Connected vehicles and intelligent IT improve traffic flow in Eindhoven

February 22, 2013 // By Christoph Hammerschmidt
A road trial conducted in the Dutch city of Eindhoven shows that real-time sensor data can improve traffic flow and help to avoid congestions. Connected cars shared braking, acceleration and location data. The analysis of these data enabled local traffic authorities to identify and resolve road network issues.

The trial showed that anonymous information from vehicles can be analysed to resolve congestions and similar problems faster, reduce congestion and improve traffic flow, said Ab Oosting, European Union project manager for the Collaborative Region of Eindhoven SRE. "By receiving the information in real time, road authorities can utilize mobile technologies to immediately deploy emergency response teams and road workers to resolve issues. Traffic centre staff can promptly respond and manage traffic flows away from accidents and dangerous traffic situations," Oosting said.

The city region of Eindhoven (SRE) is located at the hub of several international transportation routes, where relatively small incidents can have major consequences for the system as a whole. The European Commission recently adopted an ambitious Road Safety Programme, which aims to cut traffic deaths in Europe between 2011 and 2020 by 50 percent. Experts believe that intelligent transport solutions (ITS) can play a significant role in improving road conditions and safety. The 12-month trial was designed to provide the regional government with insights to maintain roads, reduce traffic congestion and increase road safety. The technology for the trial was contributed by chipmaker NXP and IT services company IBM.

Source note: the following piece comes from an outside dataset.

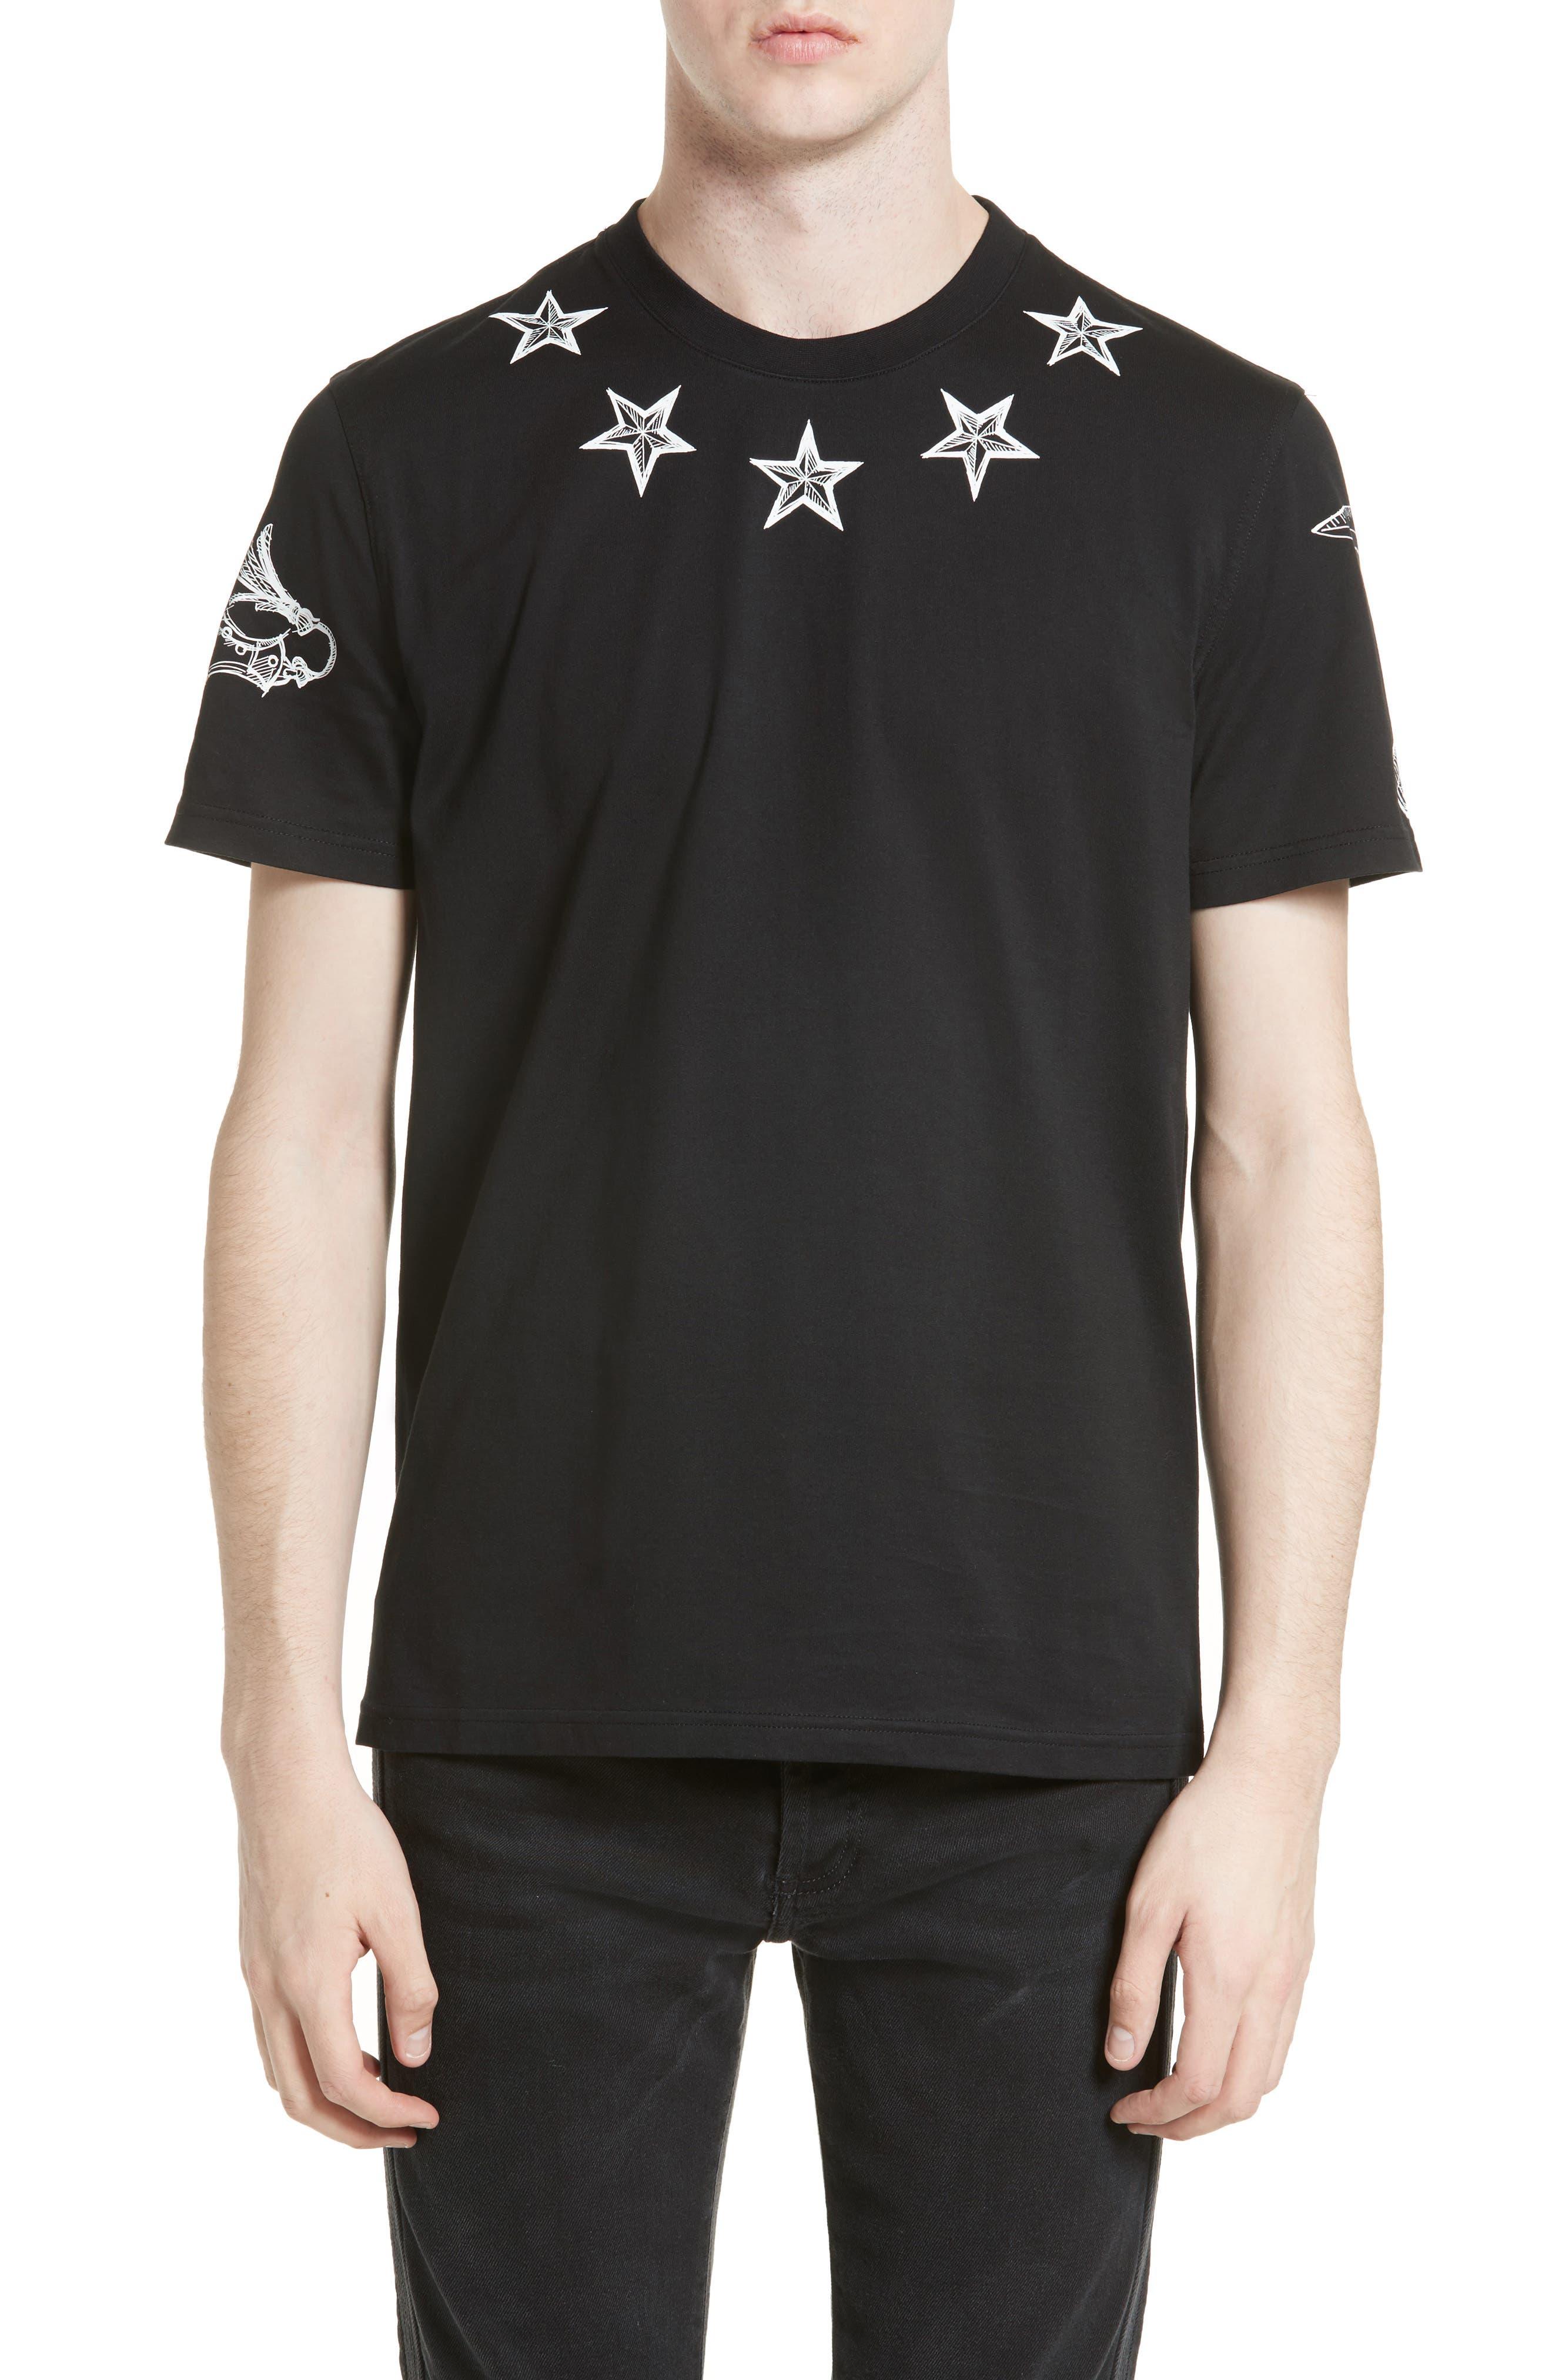 Givenchy Tattoo Print Cuban Fit T-Shirt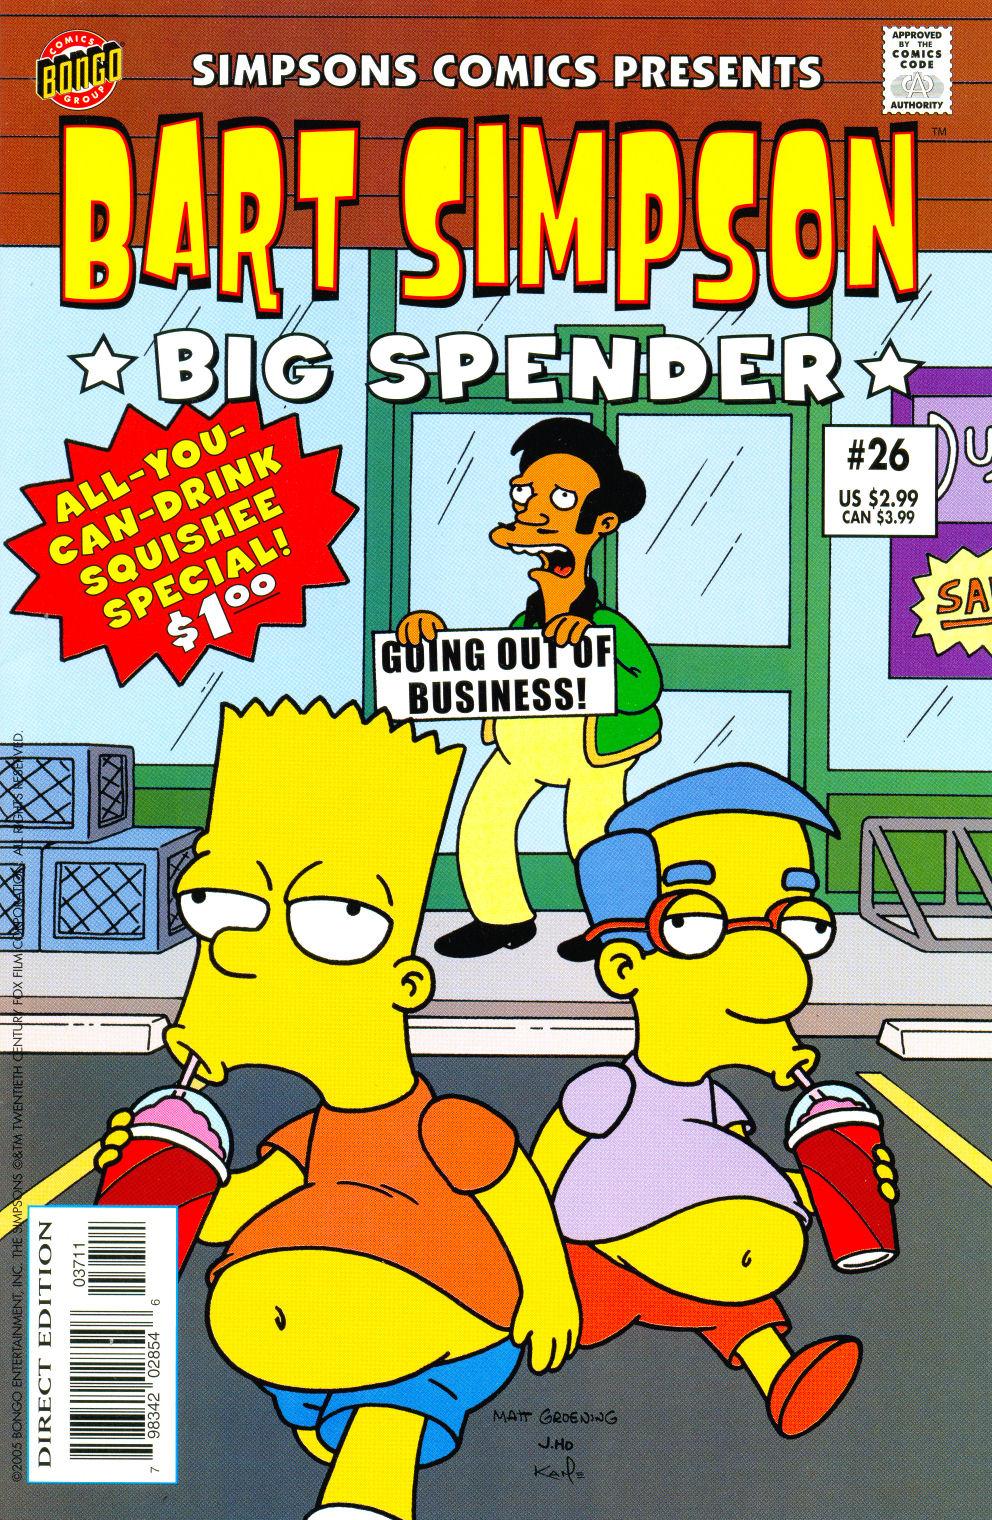 Read online Simpsons Comics Presents Bart Simpson comic -  Issue #26 - 1

With greater connectivity, today's automobiles generate a vast amount of data that can be used to enhance the driving experience, while improving traffic condition and road safety. For example, with IBM MobileFirst , which combines the power of mobile and cloud-enabled technologies, the same sensors that alert drivers about low tire pressure or broken lights can also automatically provide insight into traffic patterns.

During the trial, IBM, NXP and its partners equipped 200 participating cars with a device containing NXP's ATOP telematics platform that gathers relevant data from the central communication system of the car (CAN bus). Relevant sensor data - that were indicators of potholes or icy roads - was collected in-vehicle and transmitted to the cloud-enabled IBM Smarter Traffic Center.